Joined: Thu Dec 11, 2008 1:28 pm
Posts: 10793
Location: England

(Sorry, my point about c was my own confusion: it's temp which needs one extra bit of headroom, and indeed you already made temp a 64 bit datatype)

Top

BigEd

Post subject: Re: fast wide BCD add

Posted: Mon Jan 13, 2014 4:41 pm

Joined: Thu Dec 11, 2008 1:28 pm
Posts: 10793
Location: England

I rustled up some verilog to see what the effect is of doing BCD calculation in the obvious nibble-wise manner:

target device xc3s50a, package tq144, speed -5

without hierarchy
16-bit binary adder 263Hz synth result
32-bit binary adder 206Hz synth result

with hierarchy using nibble adders (no difference in speed)
16-bit binary adder 263Hz synth result 16 LUTs, 27 slices (25 at PAR)
32-bit binary adder 206Hz synth result 32 LUTs, 54 slices (49 at PAR)

with hierarchy using BCD nibble adders
16-bit BCD adder 91MHz synth result, 32 LUTs, 34 slices (35 at PAR)
32-bit BCD adder 50MHz synth result, 64 LUTs, 67 slices (65 at PAR)

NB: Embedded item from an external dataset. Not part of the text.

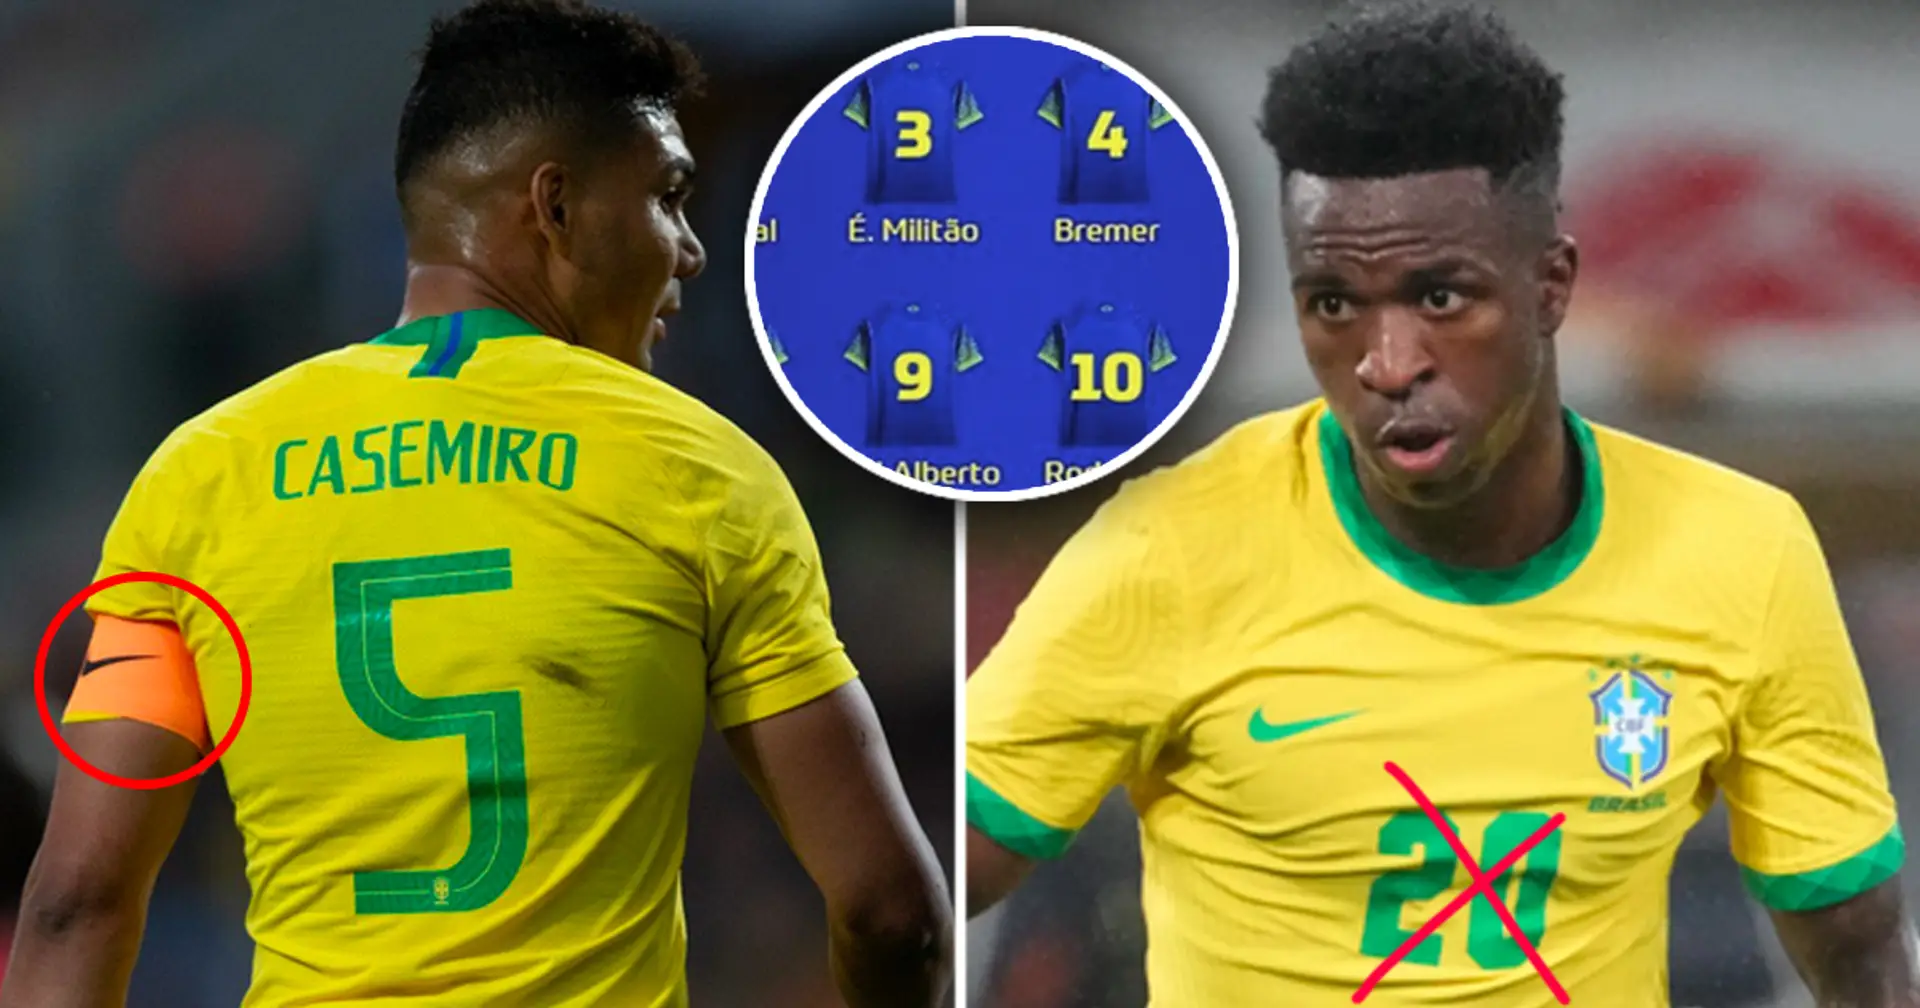 Casemiro nommé capitaine, Vinicius obtient un nouveau numéro : 4 changements intéressants dans l'équipe du Brésil

As our 6502 designs only reach about 50MHz on spartan 3, we might not be on the critical path with this straightforward approach.

Target Device : xc6slx4-3-tqg144
16-bit binary, 218MHz
32-bit binary, 171MHz
16-bit BCD, 133MHz
32-bit BCD, 86MHz, 152 LUTs

Edit: with a 16+(16 or 16) carry select approach on the xilinx6, I get
32-bit BCD, 109MHz, 225 LUTs
which is about the expected 50% area cost, and a worthwhile speed gain.

Attachments:

jc2_top.v.txt [1.44 KiB]
Downloaded 113 times

Top

GARTHWILSON

Post subject: Re: fast wide BCD add

Posted: Mon Jan 13, 2014 6:34 pm

Joined: Fri Aug 30, 2002 1:09 am
Posts: 8428
Location: Southern California

Just a tad off topic here (and maybe someone would want to start another topic for it if there's more than just a quick answer), if we're talking about BCD add (and subtract) for 32-bitters, are there any plans for a BCD multiply like there are for binary multiply? It seems like it would be prohibitively expensive in FPGA resources. What applications are envisioned for a BCD add and subtract without BCD multiply (and possibly divide) in a 32-bitter that does have binary multiply (and possibly divide)? The good reason for BCD addition and subtraction in 8-bit 6502 HDL models would (I think) be to make sure existing software can run on it; but there is no software investment to protect yet with a 32-bit 65-family processor. I'm not being critical here, just puzzled and looking to get more understanding.

Related, what I put in the section of my website on large look-up tables for superfast, accurate scaled-integer math includes inversion since you can't have a look-up table for division but you can invert then multiply. The 1/X table of 65,536 entries uses 256KB because each entry gives a four-byte answer so you don't lose accuracy in the answer at either end of the range. That's not to say you always have to use the entire 32 bits though. Would inversion be a better use of resources on an FPGA than division, providing better overall performance too?

_________________
http://WilsonMinesCo.com/ lots of 6502 resources
The "second front page" is http://wilsonminesco.com/links.html .
What's an additional VIA among friends, anyhow?

Top

BigEd

Post subject: Re: fast wide BCD add

Posted: Mon Jan 13, 2014 8:29 pm

Joined: Thu Dec 11, 2008 1:28 pm
Posts: 10793
Location: England

Hi Garth
hmm, you make me reconsider why BCD might be worthwhile. Mostly I suspect we're just aiming for 6502 compatibility. Addition and subtraction are not too difficult, and of course the 6502 stops there. For a point of sale system or a clock or video game decimal addition and subtraction has an attraction. I rather suspect (BCD) multiplication is horrendous. As you know, most FPGAs have hardware multipliers which makes (binary) multiplication an easy thing to add, and plausibly it's useful too: for array accesses, for graphical calculations, maybe for signal processing. There's no such shortcut to BCD multiplication.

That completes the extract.